_Work to complete_: Please set down the data again exactly, minus the pictures.

_Data section_:
==================================================

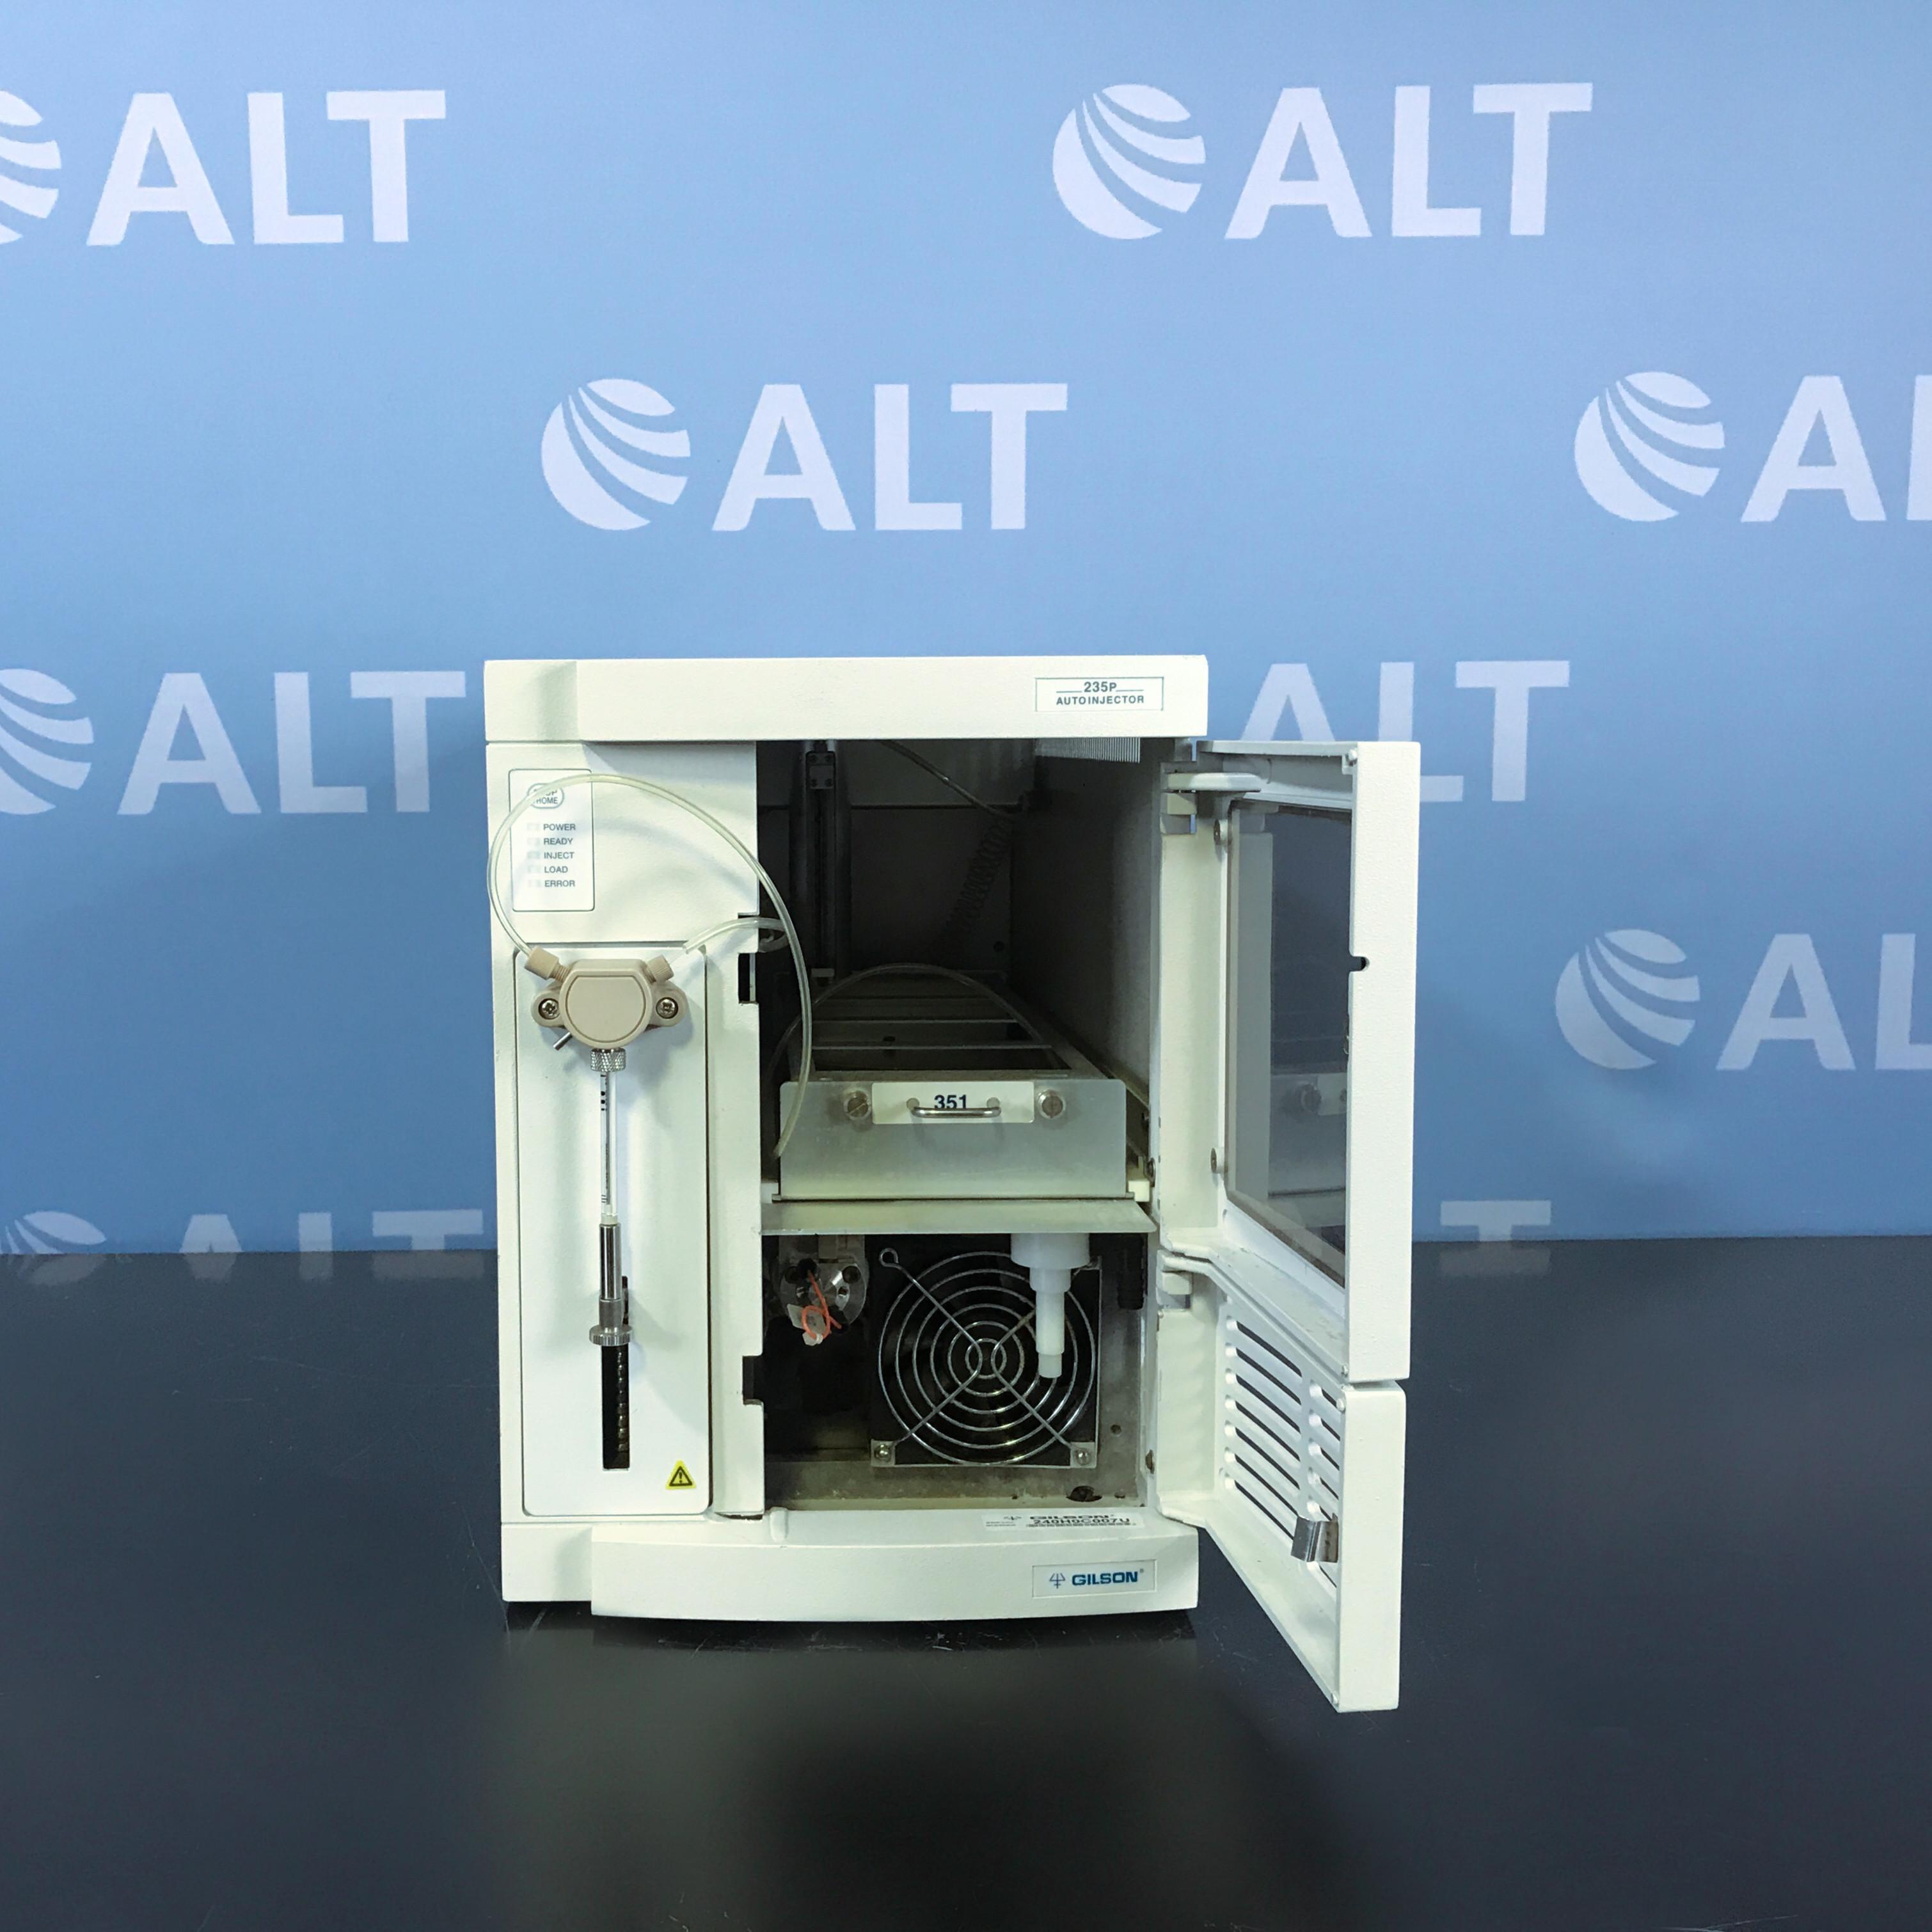 Gilson 235P Auto Injector Image
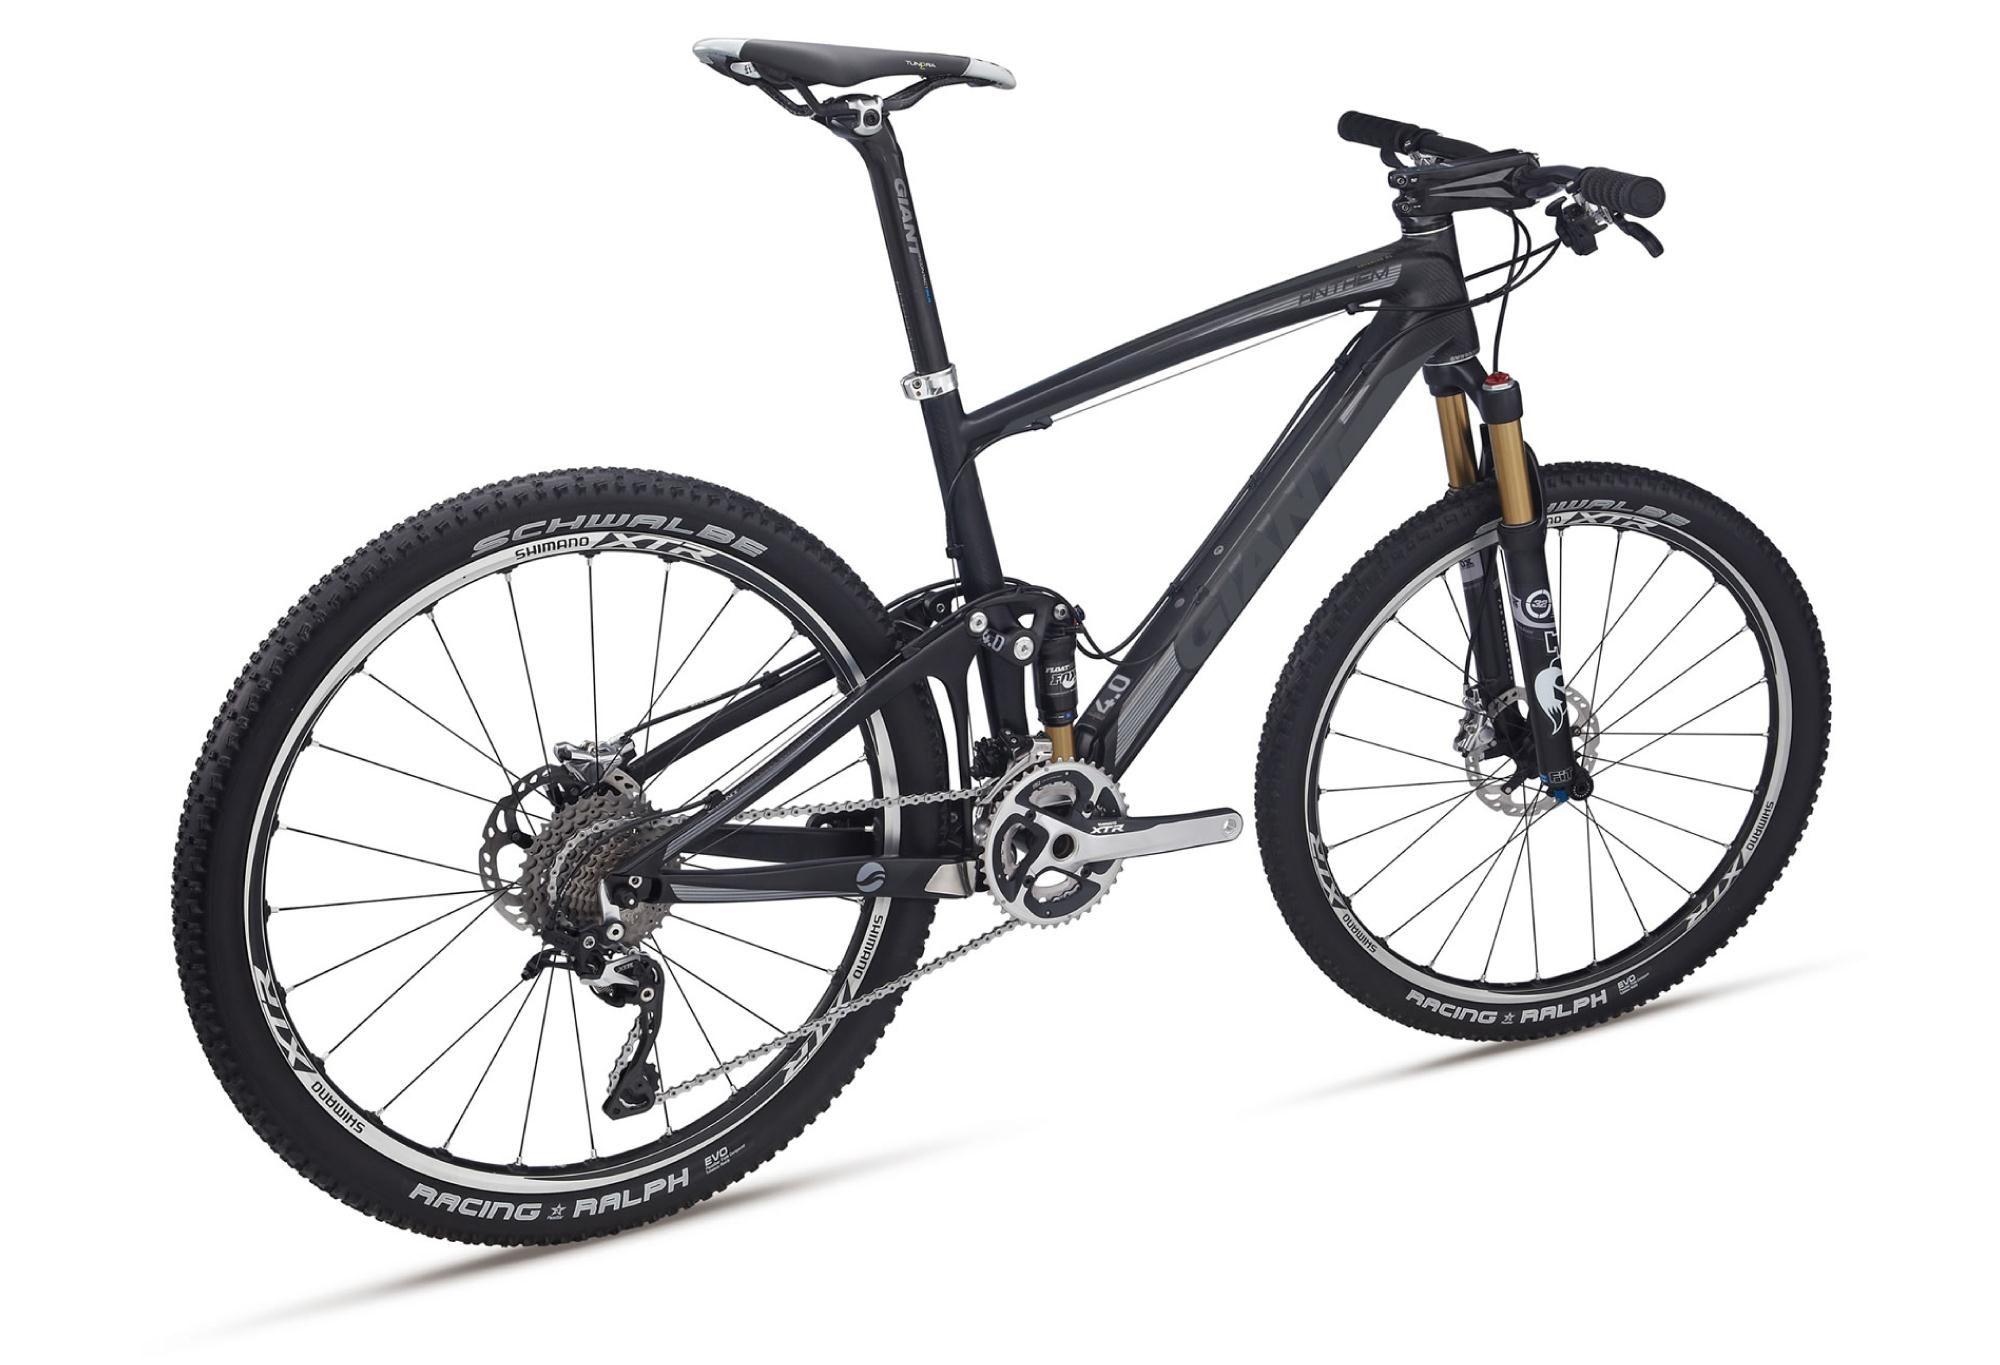 3630d339f0f Giant - Anthem X Advanced SL 0 | Bikes | Bike, Cycling, Bicycle
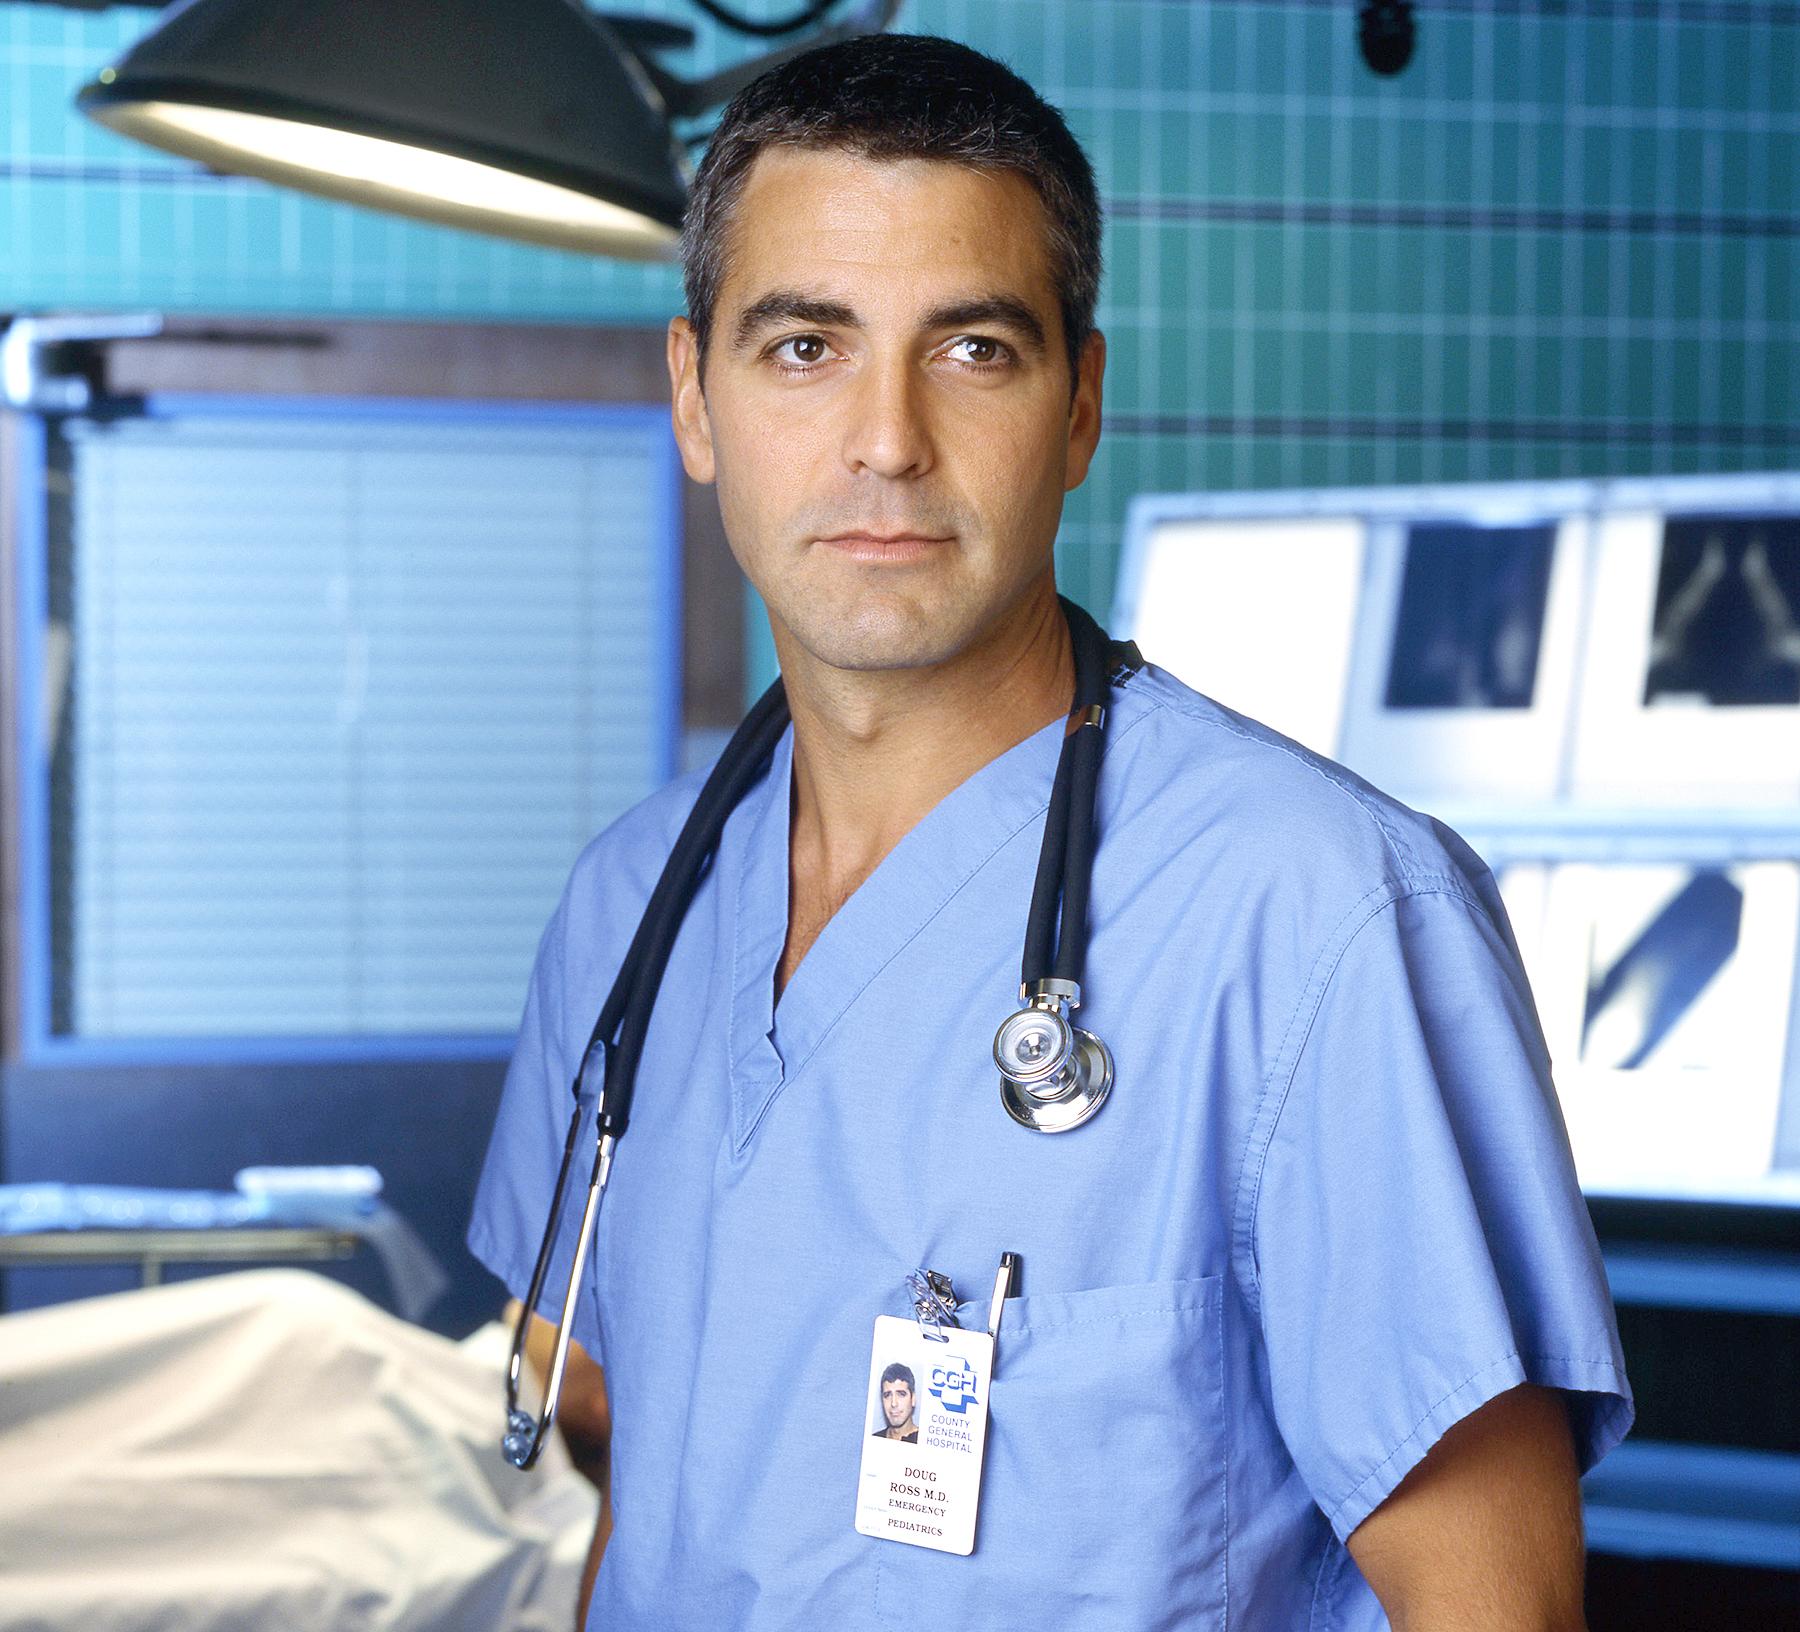 George Clooney as Dr. Doug Ross on ER.

==================================================

_Exercise result_:
 Gilson 235P Auto Injector Image
 3630d339f0f Giant - Anthem X Advanced SL 0 | Bikes | Bike, Cycling, Bicycle
 George Clooney as Dr. Doug Ross on ER.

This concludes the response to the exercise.